Bayrampaşa Cezaevine ilişkin hafızalarda kalan olaylar arasında, firar ve firar girişimleri de yer alıyor. Koğuş sisteminde ve ‘özel tip’’, ‘’terör’’ ve ‘’adlî’’ olmak üzere 3 bölümden oluşan Bayrampaşa Cezaevinde, isyan ve sayım vermeme gibi olaylar da yaşandı. Bayrampaşa Cezaevinde iki suç grubu arasında çıkan çatışmalara da sahne olmuştu. Cezaevinde bir çok mahkûm şişlenerek öldürüldü. Bayrampaşa Cezaevinin tutuklu ve hükümlülerden sorumlu müdürü Hafit Kaya, 1998 yılında, cezaevi önünde kimliği belirsiz bir kişi tarafından tabancayla ayağından vurularak yaralandı. Aynı yıl, cezaevindeki makamında beyin kanaması geçiren Bayrampaşa Cezaevi Savcısı Ahmet Sıtkı Alkan, kaldırıldığı hastanede öldü. Çıkan yangınlar yüzünden de zaman zaman hasar gören cezaevinde, bu süreçten sonra yaşanan en büyük olaylardan biri de ‘’Hayata Dönüş Operasyonu’’ oldu. ‘’Ölüm orucu’’ eylemine son vermek amacıyla Bayrampaşa Cezaevine 19 Aralık 2000 tarihinde operasyon yapıldı. Tutuklu ve hükümlülerin direndiği operasyonda, 12 kişi öldü.
Bu olayın bir yıl sonrasında infaz koruma memurları, jandarmalar ve cezaevi yetkililerinden oluşan kamu görevlileri hakkında, ‘’kişiye kötü muamele yapmak’’, ‘’görevi kötüye kullanmak’’ ve ‘’görevi ihmal’’ suçlarından 1 ile 6 yıl arasında değişen hapis cezaları istemiyle dâvâ açıldı.
Eyüp 3. Asliye Ceza Mahkemesindeki yargılama sırasında bu kişilerden 155 infaz koruma memurunun dâvâ dosyası ayrıldı. Aynı mahkemede, ‘’tutuklulara kötü muamele yaptıkları’’ ve ‘’görevlerini kötüye kullandıkları’’ iddiasıyla yargılanan 1460 kamu görevlisi hakkındaki dâvâ ise geçen ay zaman aşımından düştü.
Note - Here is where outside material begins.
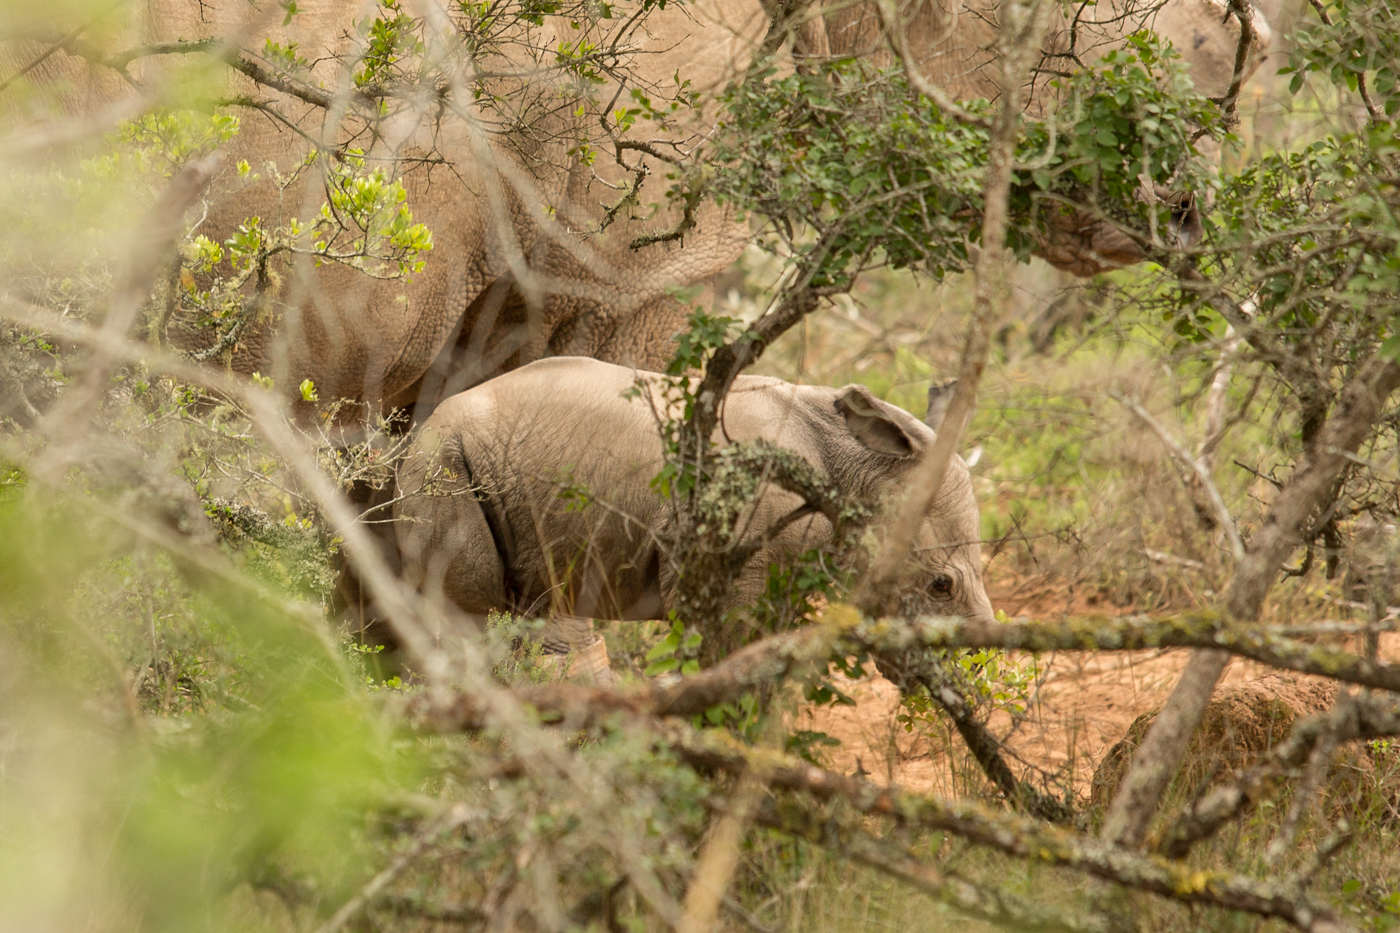 Rhino Thembi Gives Birth to New Baby Rhino
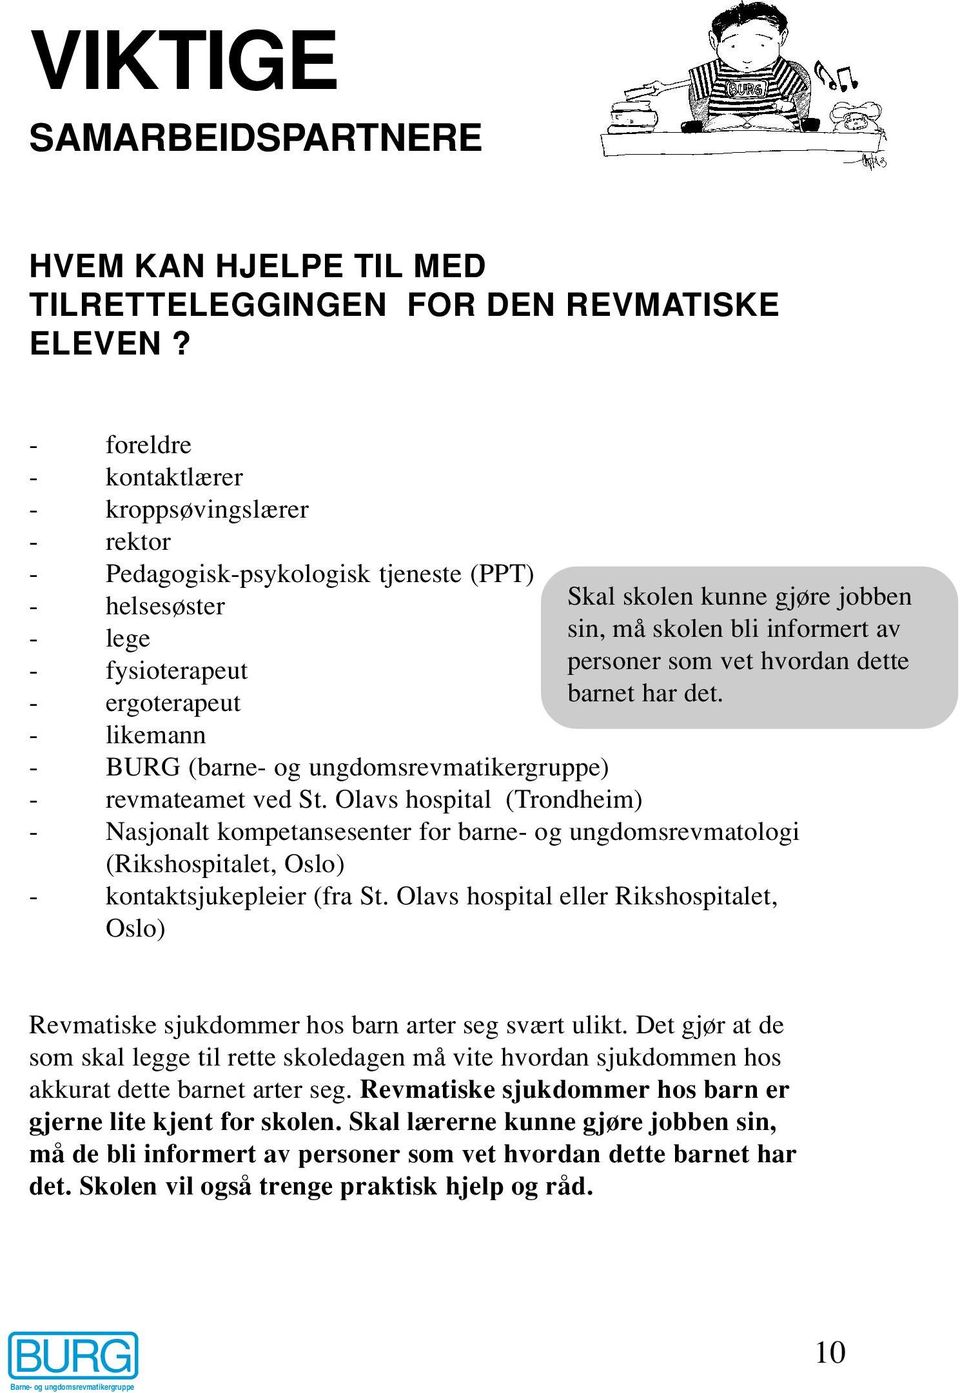 revmateamet ved St. Olavs hospital (Trondheim) Skal skolen kunne gjøre jobben sin, må skolen bli informert av personer som vet hvordan dette barnet har det.

Operasyon sonrası 167 tutuklu ve hükümlü hakkında, ‘’cezaevi idaresine karşı silâhla toplu ayaklanma’’ suçundan açılan dâvâ ise aynı mahkemede sürüyor. Operasyonun ardından bu tür olaylarla fazla gündeme gelmeyen Bayrampaşa Cezaevinde yapılan aramalarda da birçok kez çok miktarda uyuşturucu madde, tabanca, fişek, kesici ve delici aletler, cep telefonu gibi cezaevine sokulması yasak olan malzemeler ele geçirildi. Bayrampaşa Cezaevi, çeşitli tarihlerde yer altı dünyasının ünlü isimleri de konuk etti. Cezaevi son yıllarda kültür san'at ağırlıklı programlara ağırlık vererek kötü imajından kurtulmaya çalıyordu.